From my time researching this topic I have come to the realisation that a lot of people don’t actually understand it, or only understand it partly. Also, many tutorials do a bad job in explaining in “lay-mans” terms what exactly it is doing, or leave out certain steps that would otherwise clear up some confusion. So i’m going to explain from start to finish in the most simplest way possible.
The approach we are going to be looking at is a mix between feature based and template based. One of the easiest and fastest ways of implementing facial detection is by using Viola Jones Algorithm.
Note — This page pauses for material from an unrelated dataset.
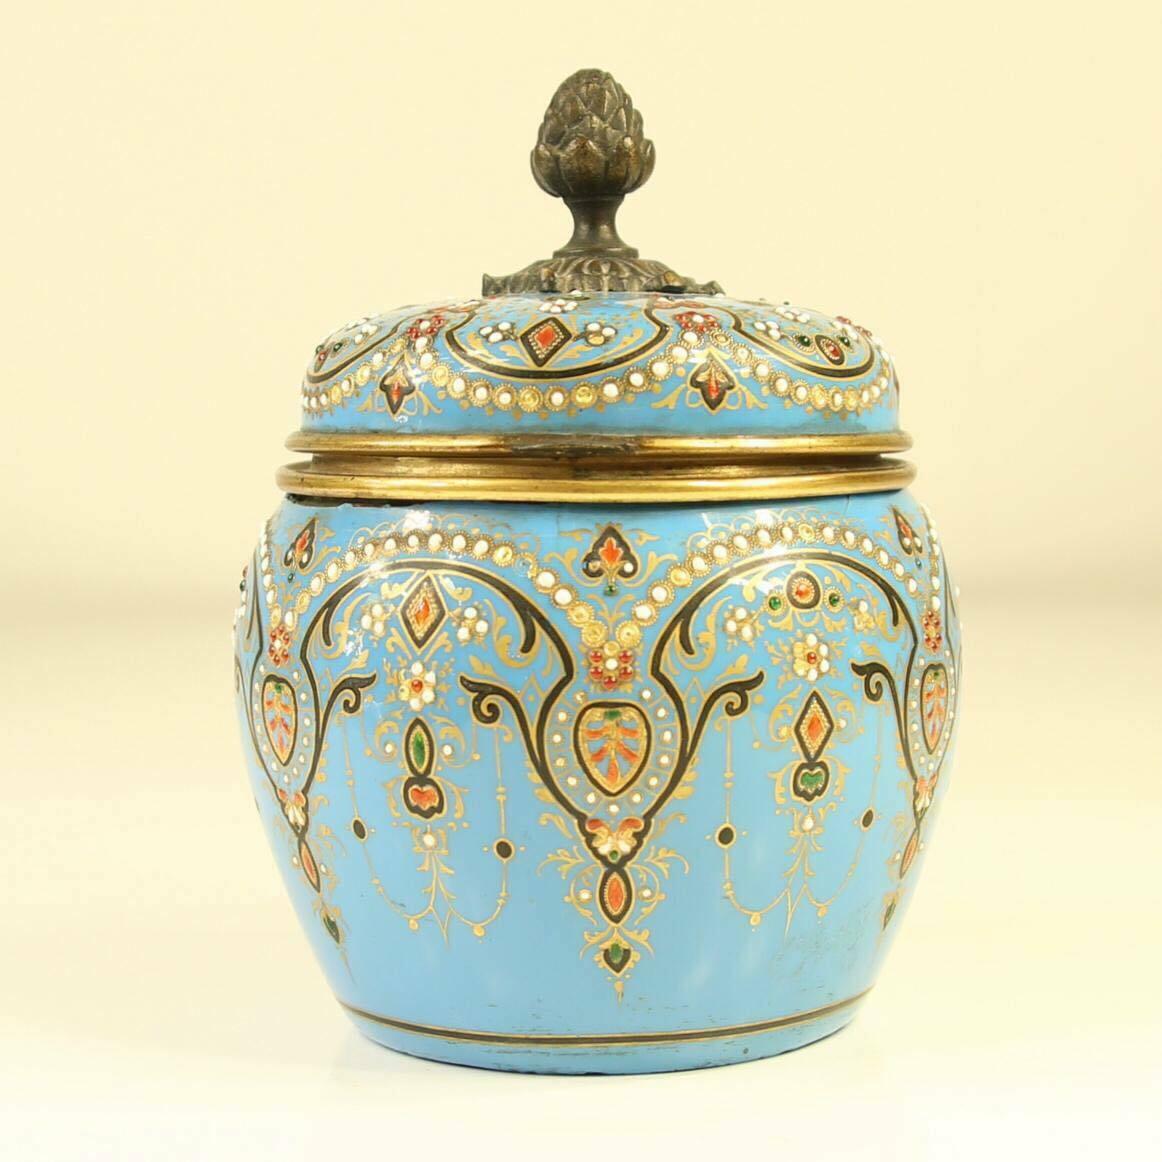 Un superbe pot en émail turquoise bijoutier français du 19ème siècle avec couvercle à charnière contenant 4 bouteilles d'origine en verre avec couvercles ornés.
Très rare et belle pièce en très bon état d'origine, quelques pierres manquantes sur le

Before learning about Viola Jones, we need to take a quick look at Haar-like features (which ill just be calling haar features from now on), and their inspiration: Haar Wavelets — Haar Wavelets were proposed by mathematician Alfred Haar in 1909 and are used in applications such as signal and image compression in electrical and computer engineering. To put simply: Haar Features are essentially collections of pixels in rectangular shapes. Haar features are conceptually similar to kernels in convolutional neural nets. The difference is that these features are created programmatically, they aren’t learned from the raw image data like in the case of deep learning.
But don’t worry, you don’t need to sit there and write thousands of fancy functions to generate these features as they are widely available online in the form of XML files. There are thousands of possible features you can use, because all they really are rectangles with regions for calculating delta values.